Le Ministre a, également, estimé que le T.S.G.P. « était un exemple de la volonté de nos trois pays à mettre en place une infrastructure régionale d’envergure internationale qui soit conforme à nos objectifs nationaux et à nos obligations internationales, en tant que pays engagés à réduire l’empreinte carbone et sécuriser l’approvisionnement des marchés en gaz naturel ». Selon M. Arkab, ce projet constitue également « une nouvelle source d’approvisionnement pour des marchés constamment sollicités, compte tenu de la place que le gaz naturel occupera à l’avenir ».

Le gazoduc transsaharien peut être réalisé en trois ans et permettrait de transporter 20 à 30 milliards de mètres cubes de gaz depuis le Nigeria.

Selon les estimations financières établies lors de son lancement en 2009, le coût d’investissement de ce projet était estimé à 10 milliards de dollars.

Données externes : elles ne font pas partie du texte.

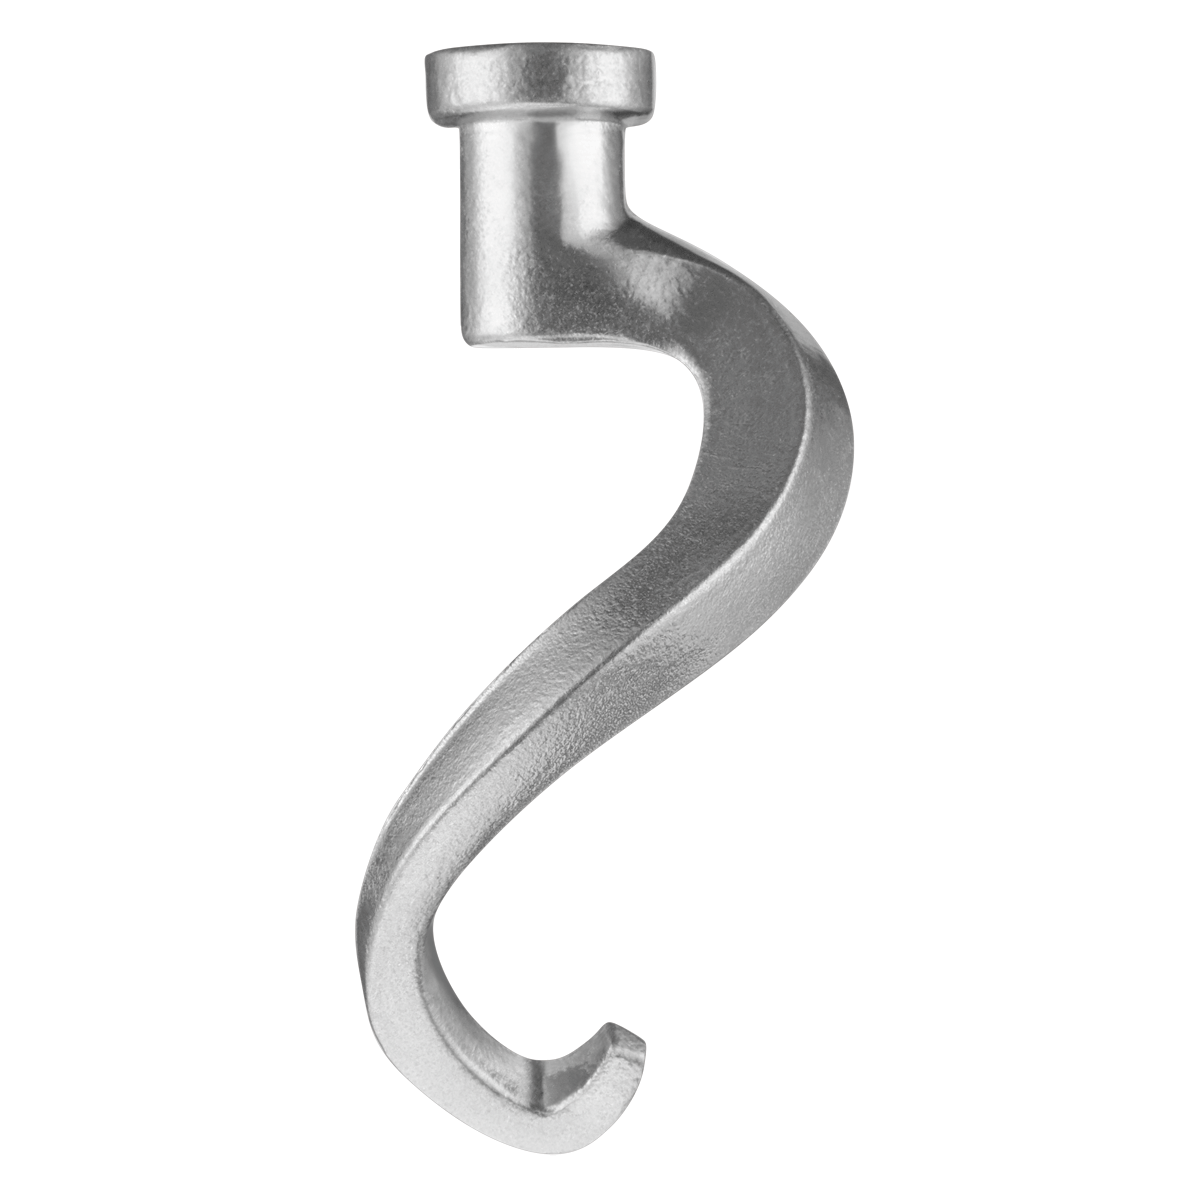 https://www.waringlab.com/assets/images/database/products/wsm10ldh-waring-lab-hook-main.png
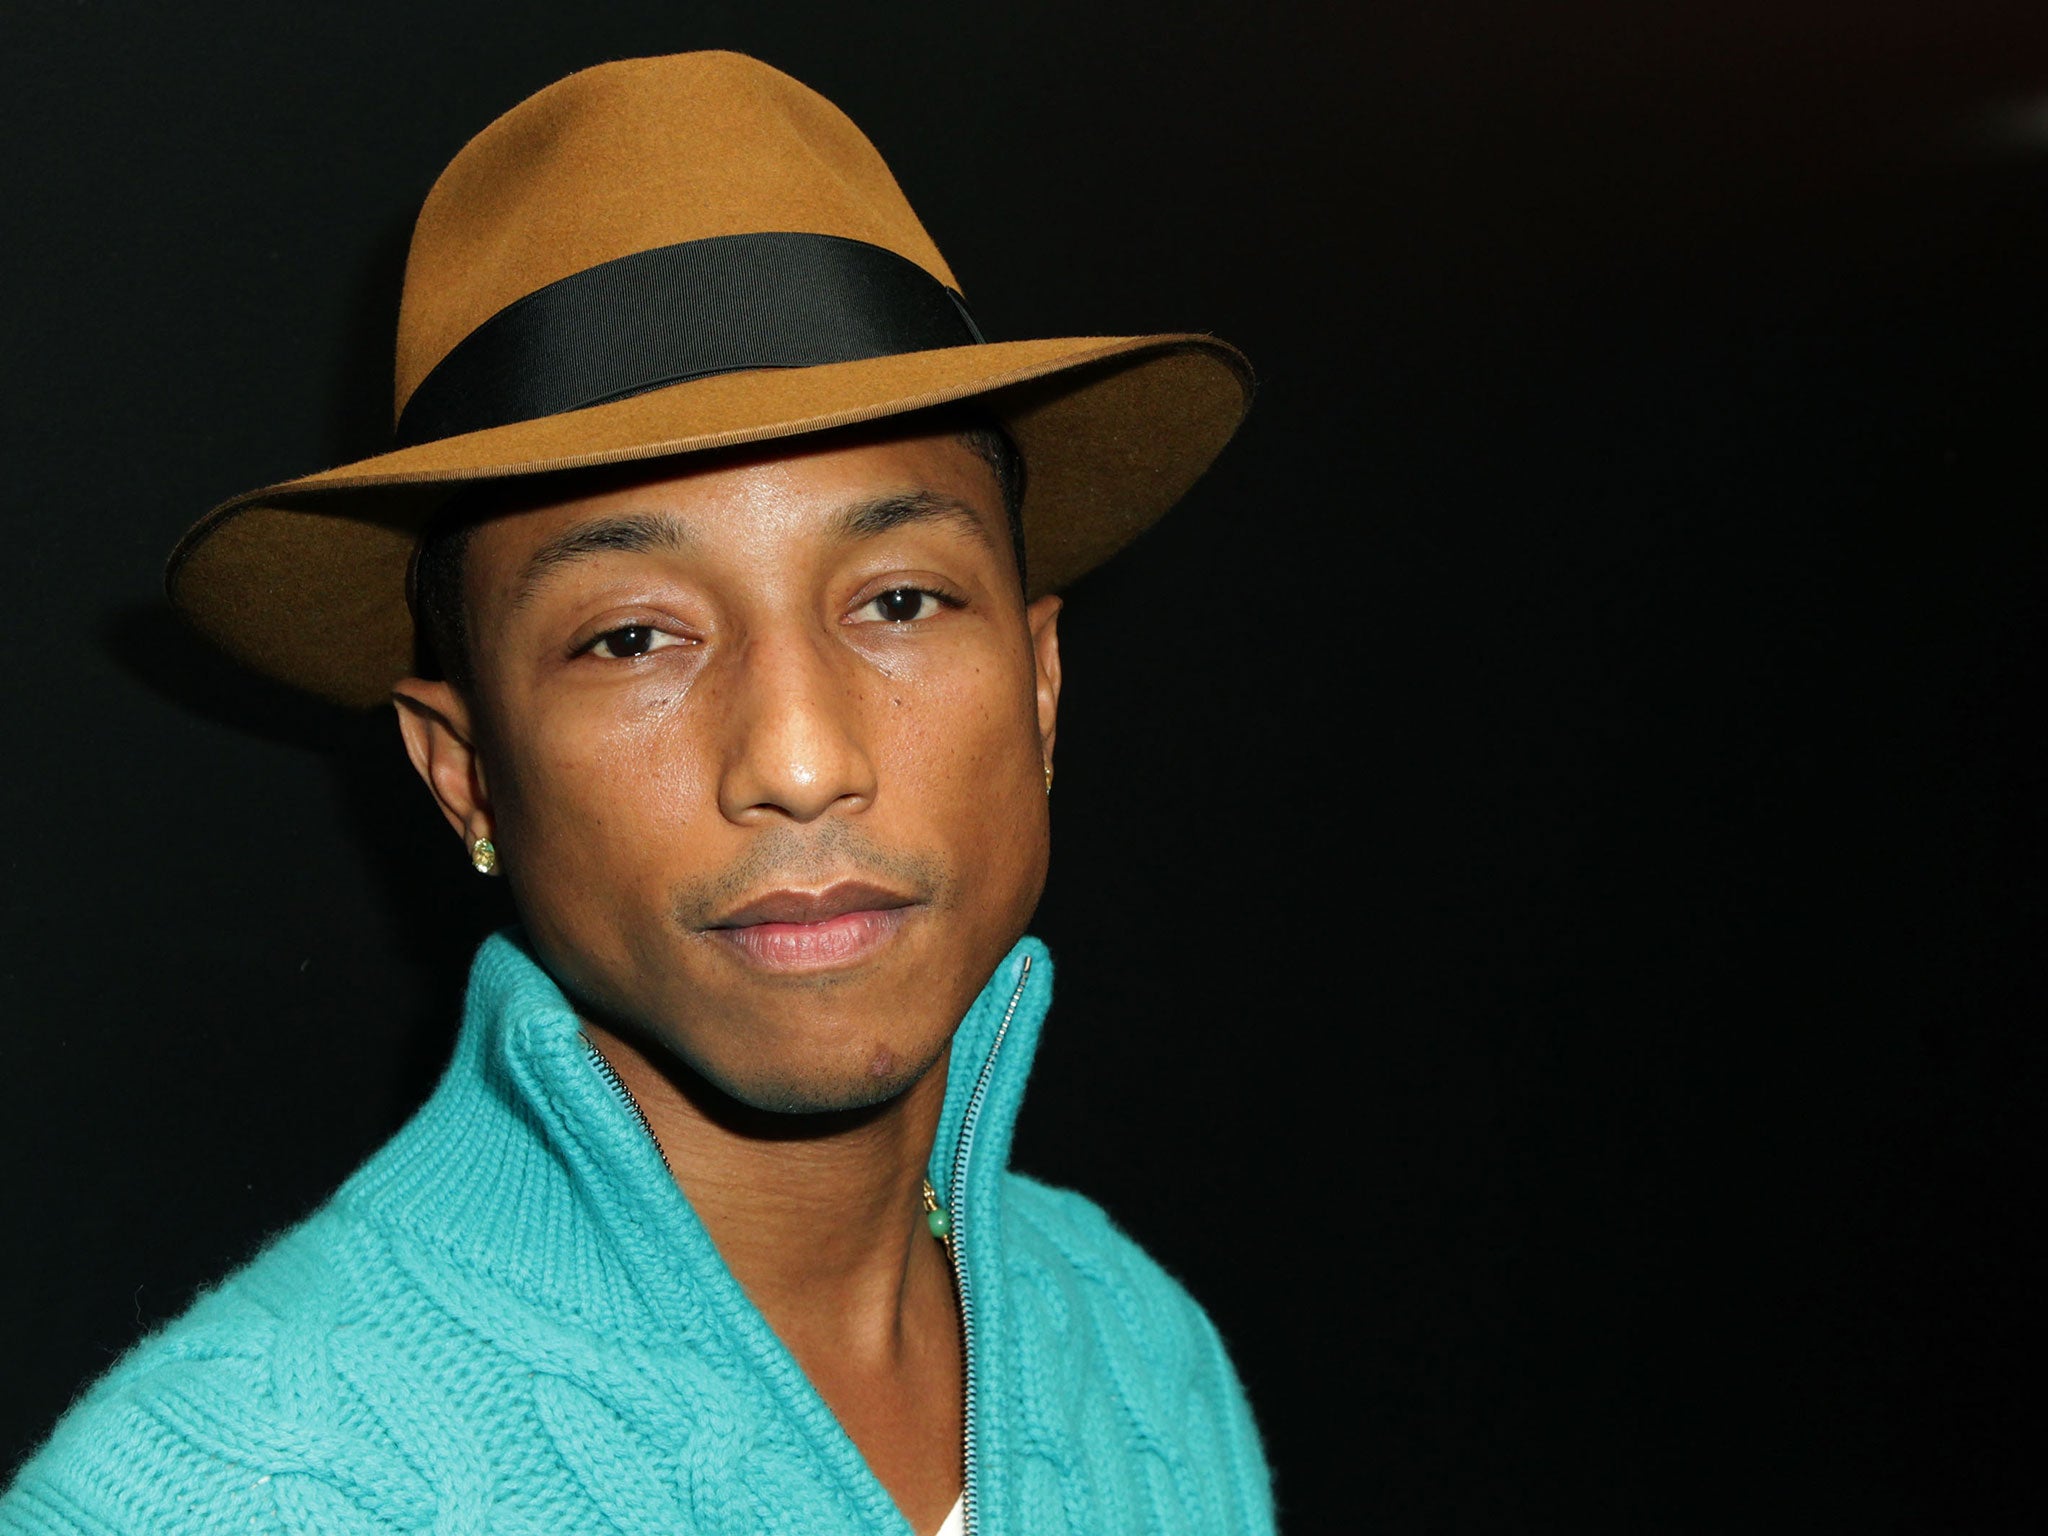 Pharrell dismissed the controversy surrounding "Blurred Lines"

D’une longueur de 4.128 km dont 1.037 km en territoire nigérian, 841 km au Niger et 2.310 km en Algérie, ce gazoduc va relier les champs gaziers du Nigeria, en passant par le Niger, à la frontière algérienne, pour se raccorder au réseau algérien.

Il permettra d’écouler la production gazière nigériane notamment sur les marchés européens. Sur son passage, le gazoduc transsaharien permettra également l’alimentation des régions du Nord, du Nord-est et du Centre du Nigeria, ainsi que des pays du Sahel.